患者と家族のための泌尿器科のがんがわかる本 前立腺がん・膀胱がん・腎臓がん・腎盂がん・尿管がん [ 三浦猛 ]
男性なら誰もが気になる「前立腺がん」。PSA検診は前立腺がんを見つけるには非常に有用な方法です。
ほかの原因で亡くなった人を病理解剖したところ,その60~70%に,寿命に影響しなかった前立腺がんがあったと報告されています。それだけ,前立腺がんには悪性度が低めのものが多いのです。
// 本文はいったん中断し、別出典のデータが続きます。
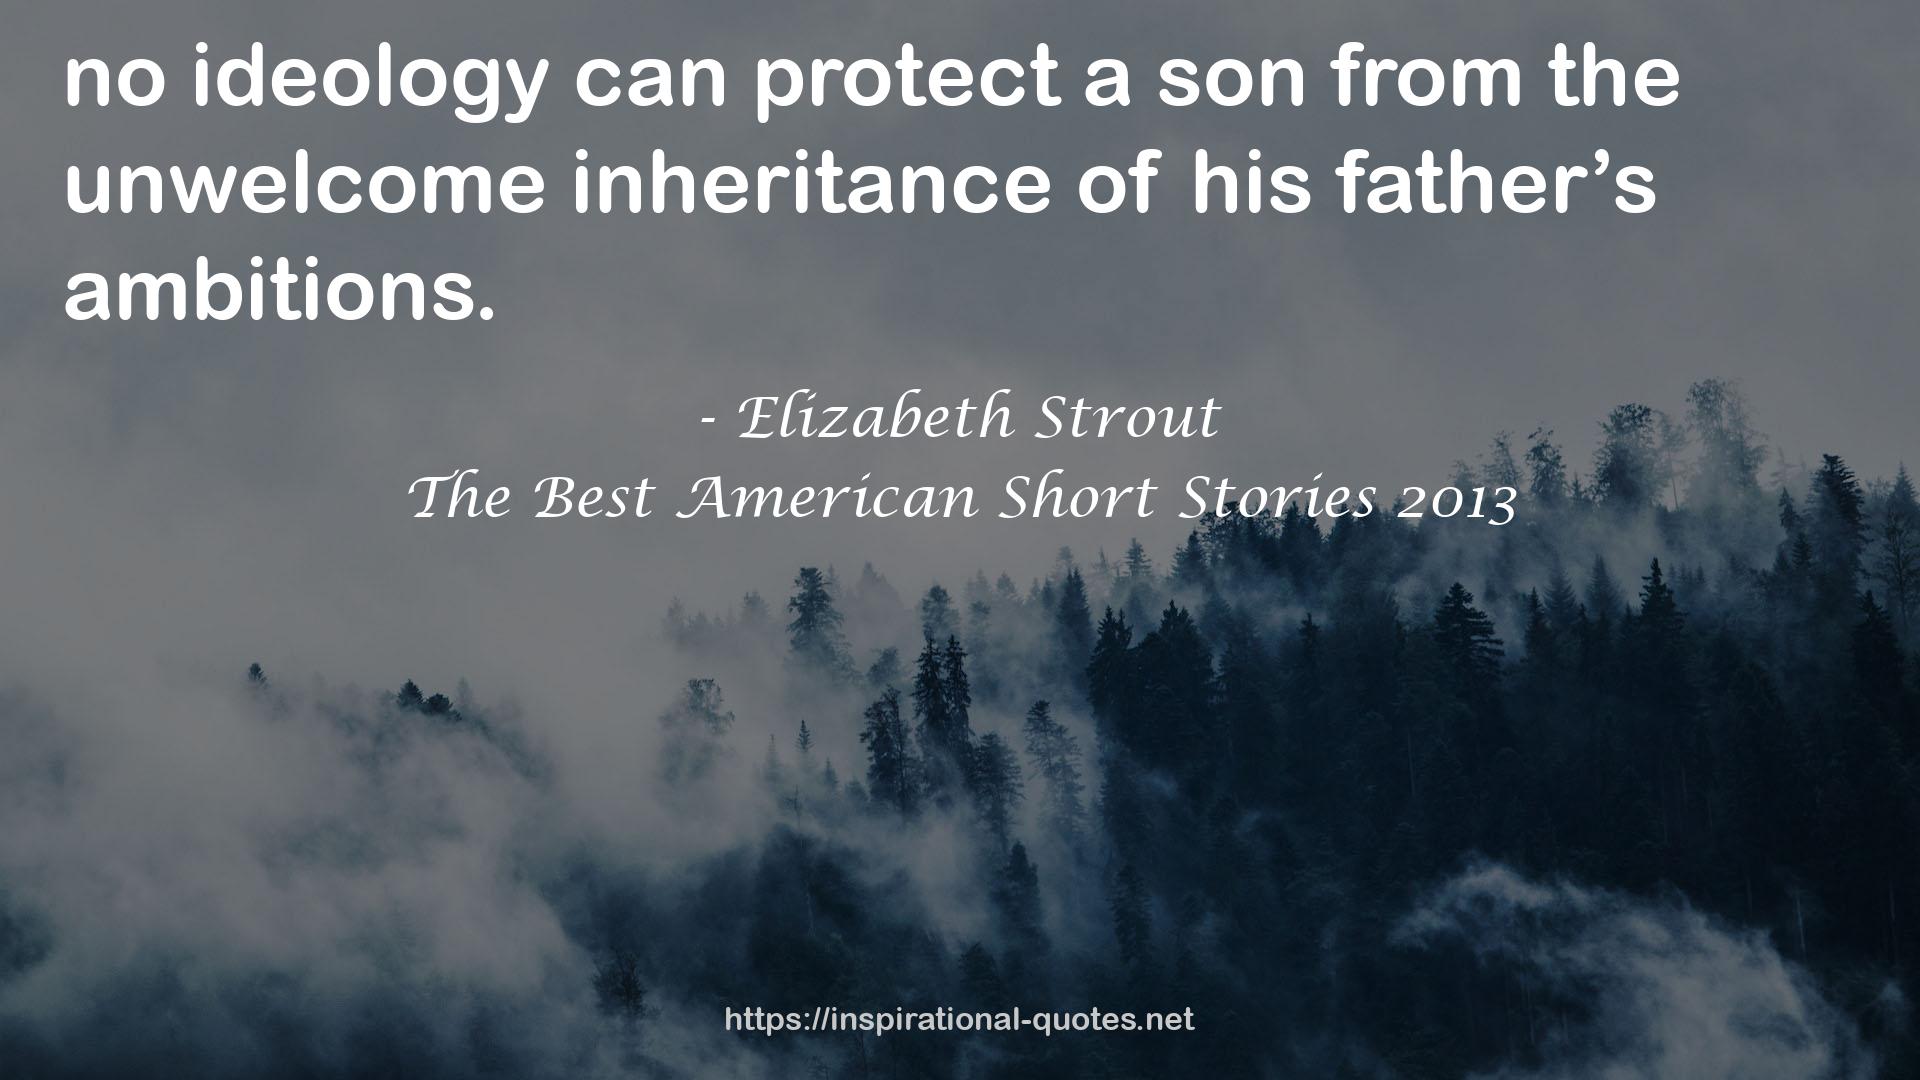 The Best American Short Stories 2013 QUOTES

早期の前立腺がんを「手術するグループ」と「治療せずに経過観察するグループ」にランダムに分けて20年間経過を追ったところ,両グループで前立腺がんの死亡率には,統計学的な差がなかったという,報告もあります。
いくら悪性度が低めと言っても,がんはがん。がんであると指摘された本人にしてみれば,「せっかく見つかったのなら,治してすっきりしたい」と思うのが心情ではないでしょうか。
早期がんを簡便に見つけるPSA検診があって,それに対する治療法があり,きちんと保険適用されます。
◇前立腺がんの治療。
前立腺がん治療の選択肢は非常に多岐にわたります。
早期~中期の前立腺がんであれば,「外科的手術」「放射線療法」「ホルモン療法」が,進行がんであれば「抗がん剤治療」が選択肢として挙げられます。
外科手術では,「一般的な手術」と,最近話題の「ロボット手術」に,放射線療法は外から放射線を当てる「外照射」と,小線源を体内に埋め込む「組織内照射」に分けられます。
エビデンス(科学的な証拠)はまだ乏しいけれど,「高密度焦点式超音波療法(HIFU)」「凍結療法」「粒子線治療(陽子線,重粒子線)」といった選択肢もあります。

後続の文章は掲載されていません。